En caso de una ruptura de este sistema, también acotó, Trump abriría la puerta a otra problemática, “según el Presidente, quiere recibir solo a personas calificadas que muestren habilidades especiales”, quienes a diferencia de la mano de obra no calificada, sí representaría para los nativos una amenaza.

“Entonces sí vamos a mover los intereses de las personas que nacieron allí y va a ser un desastre para ellos”, lo que ocasionaría quizás un incremento del rechazo a la comunidad mexicana en aquel país.

Juan José Estrada reiteró por último que la migración no la definen ni los discursos ni aun las políticas migratorias de los países sino las económicas.

La manera de detener el flujo de personas hacia otros países, por ejemplo para el caso mexicano, sería establecer más fuentes de empleo mejor remuneradas.
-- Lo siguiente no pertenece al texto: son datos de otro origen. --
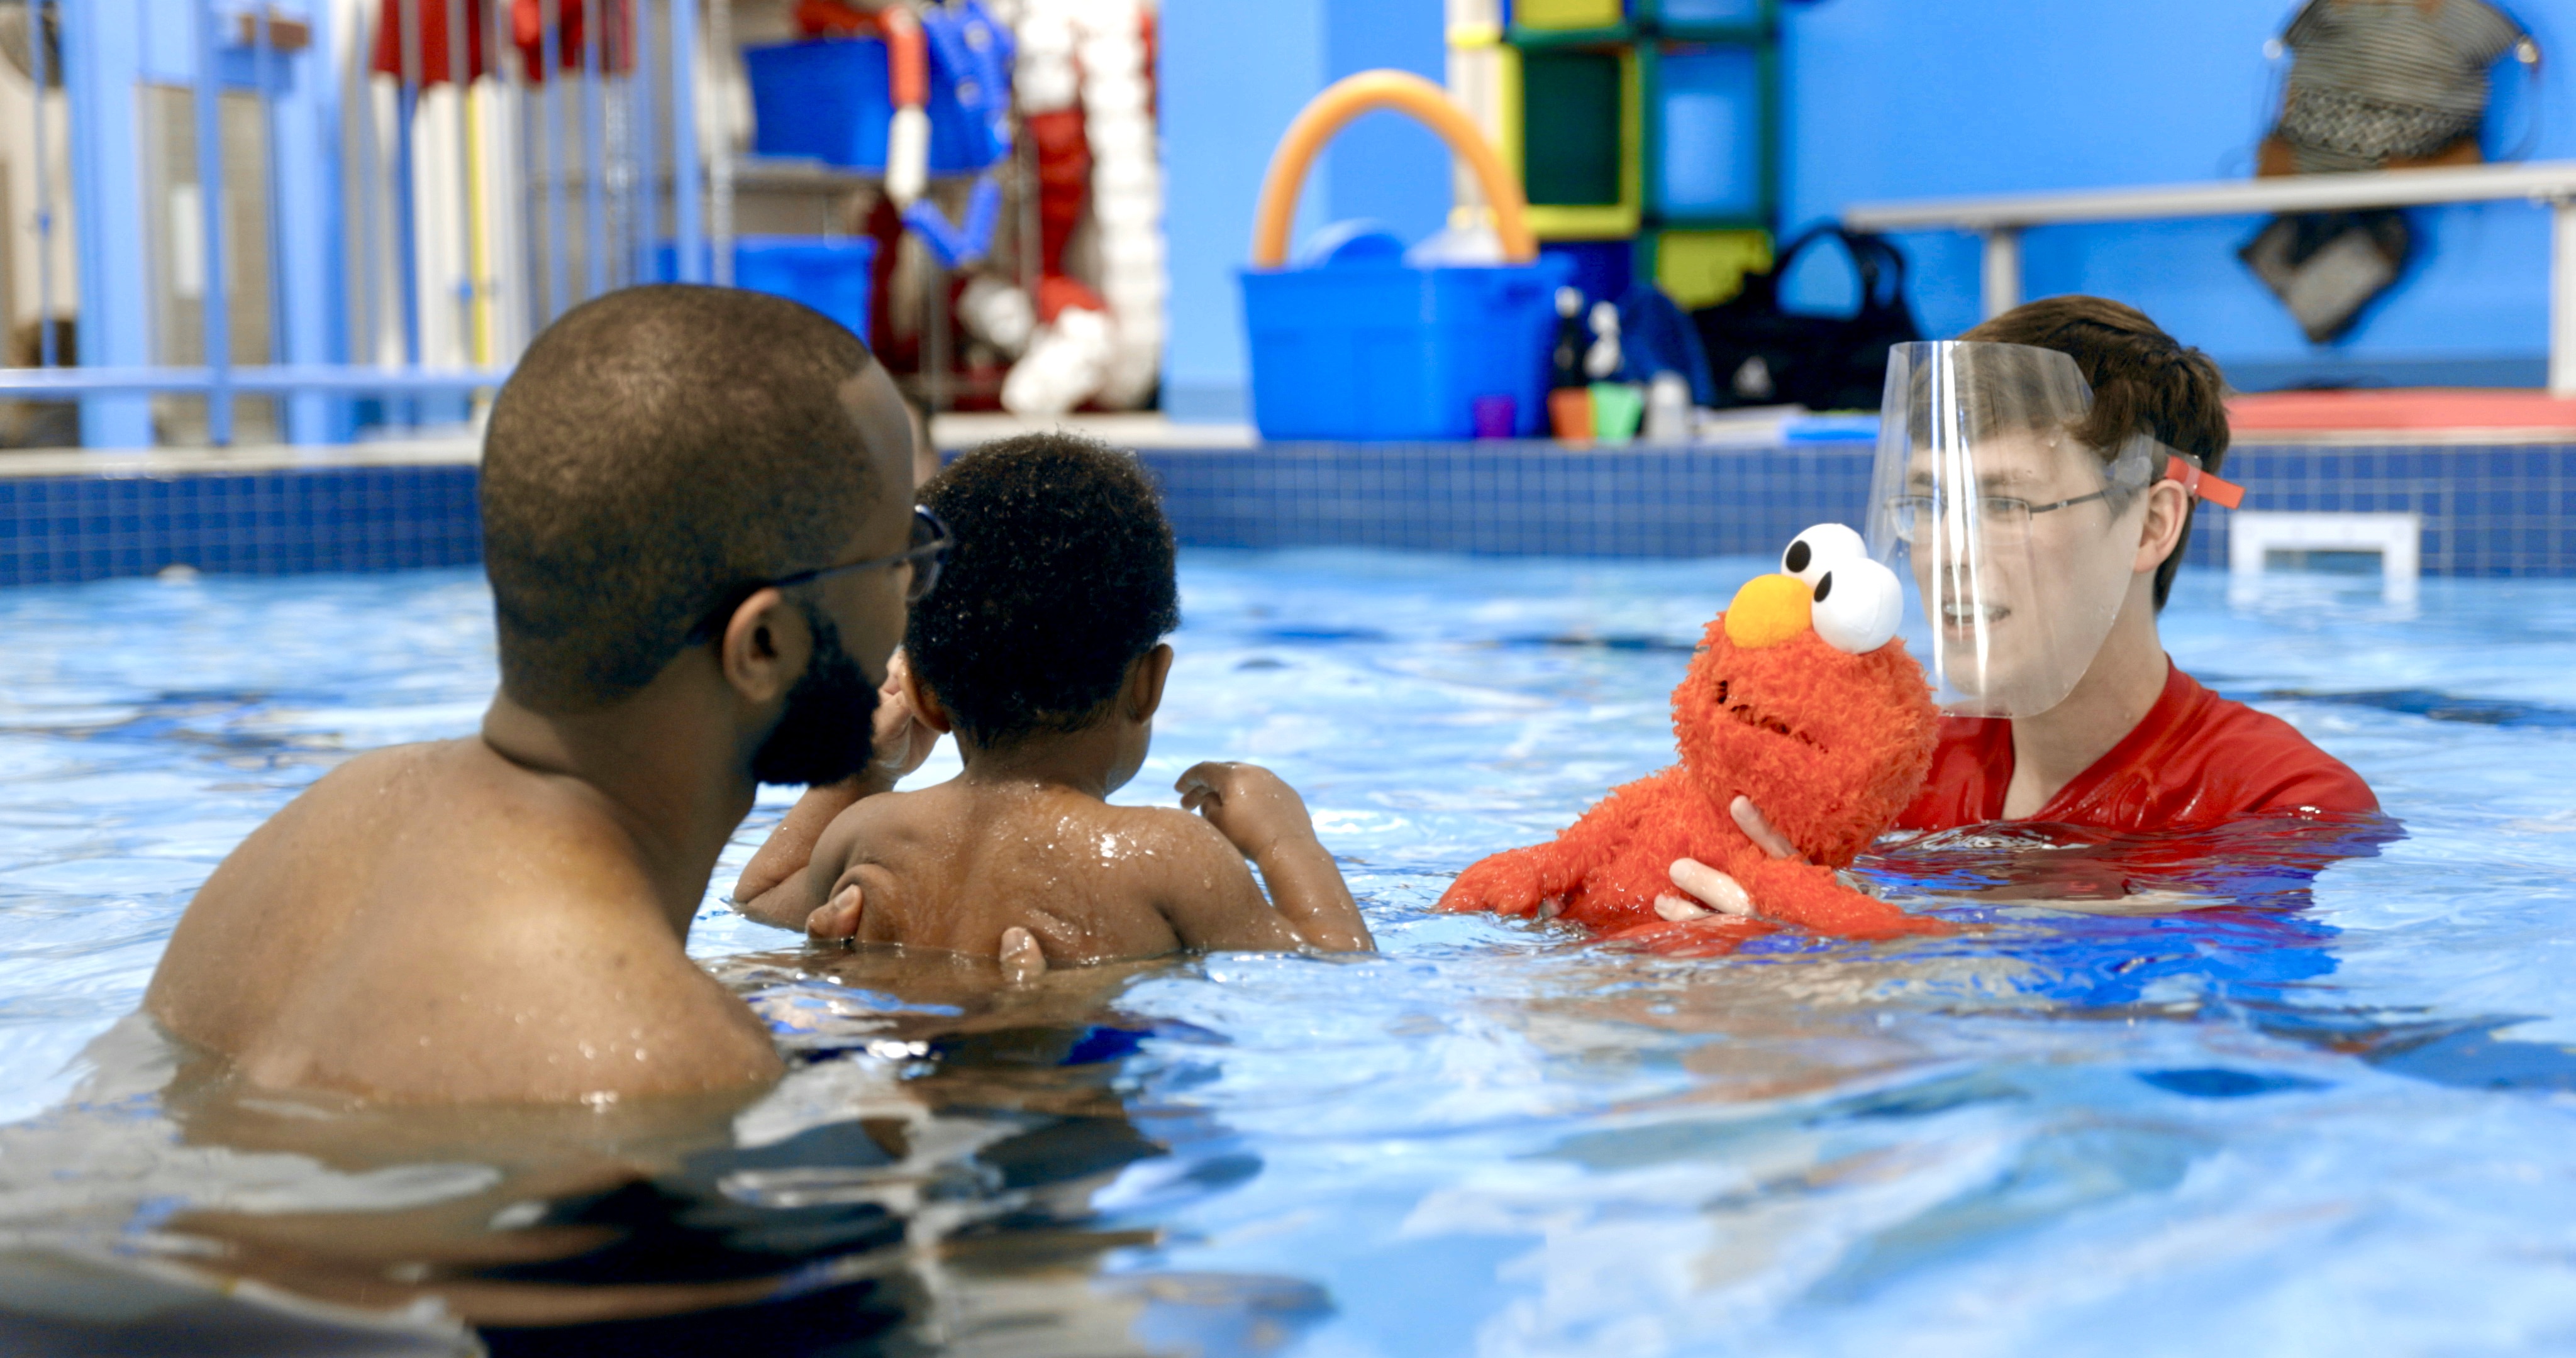 When Should Your Baby Start Swimming Lessons?
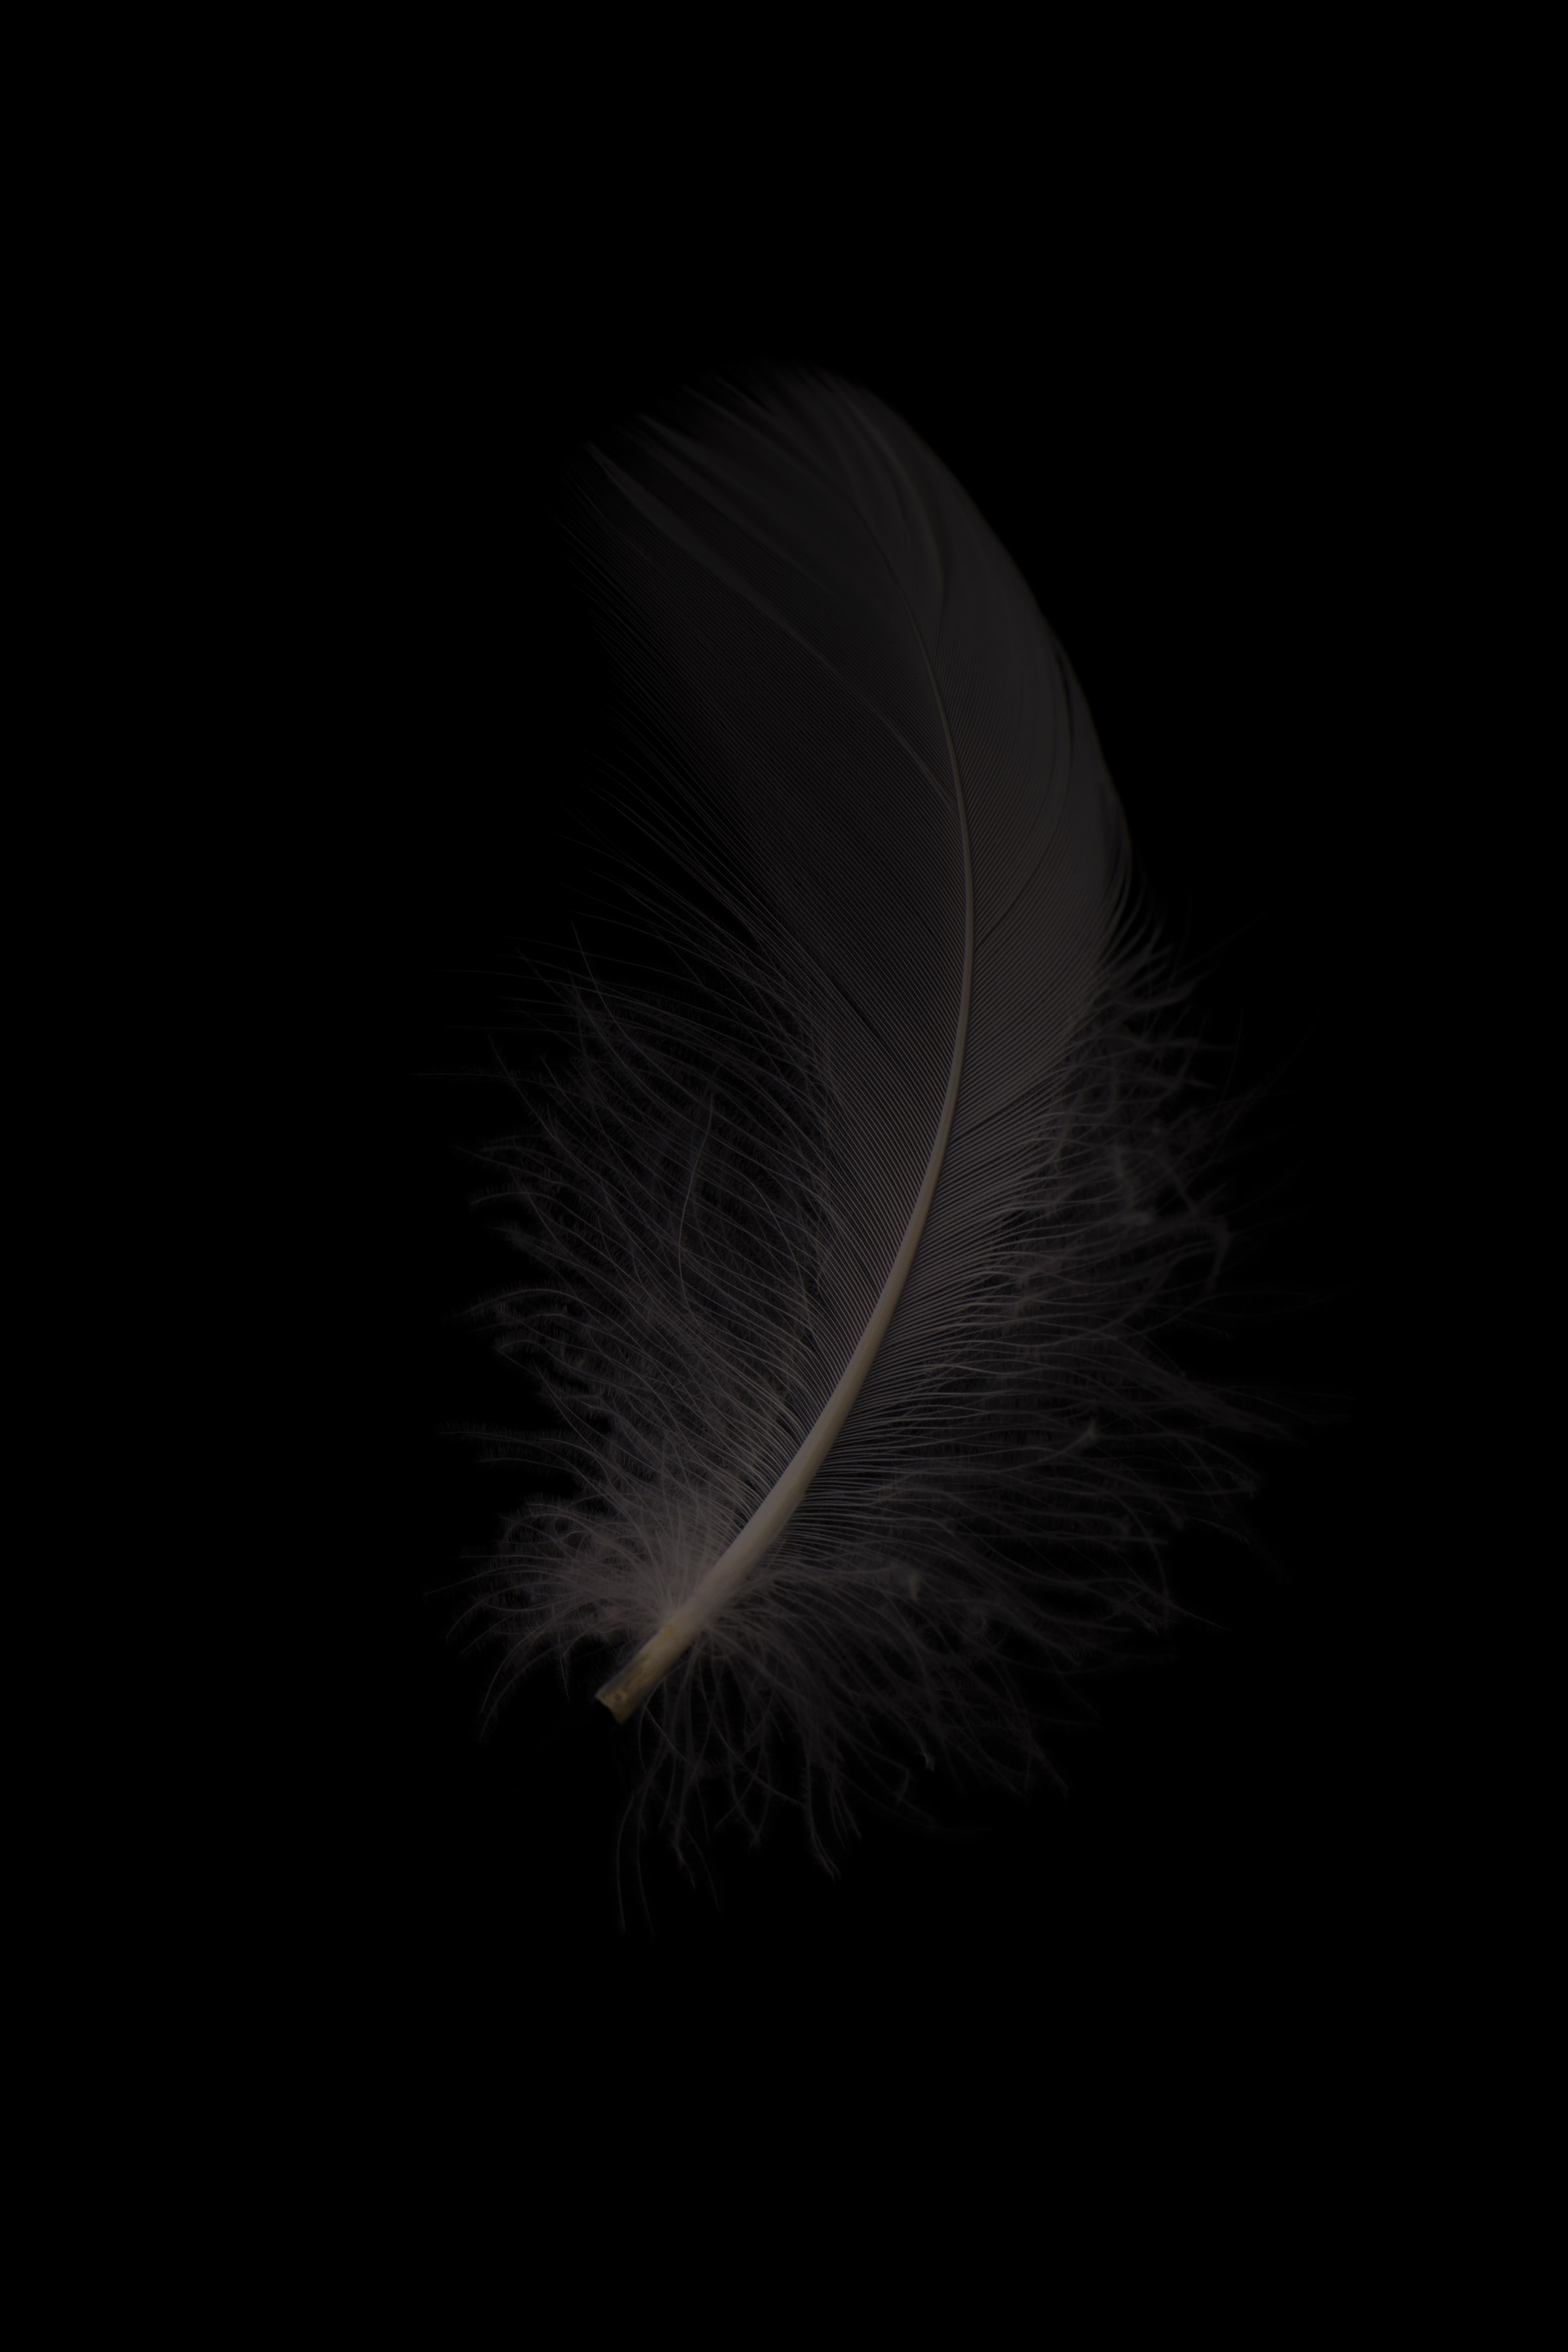 152164 Screensavers and Wallpapers Pen for phone. Download feather, macro, grey, bw, chb, pen pictures for free

“Estamos hablando de un país de mucha atracción y un país con falta de trabajo y de sueldos competitivos que realmente nos ponen en una situación como esta. Pero finalmente quien define cuántos migrantes van a ir a Estados Unidos son quienes les dan trabajo. Los intereses de las grandes trasnacionales. Por eso es que yo insisto en que lo único que deberían hacer los países, cualquiera que esté envuelto en un fenómeno migratorio, es organizar la movilidad humana de manera ordenada para que los derechos humanos plenos de estas personas puedan ser respetados en su tráensito”.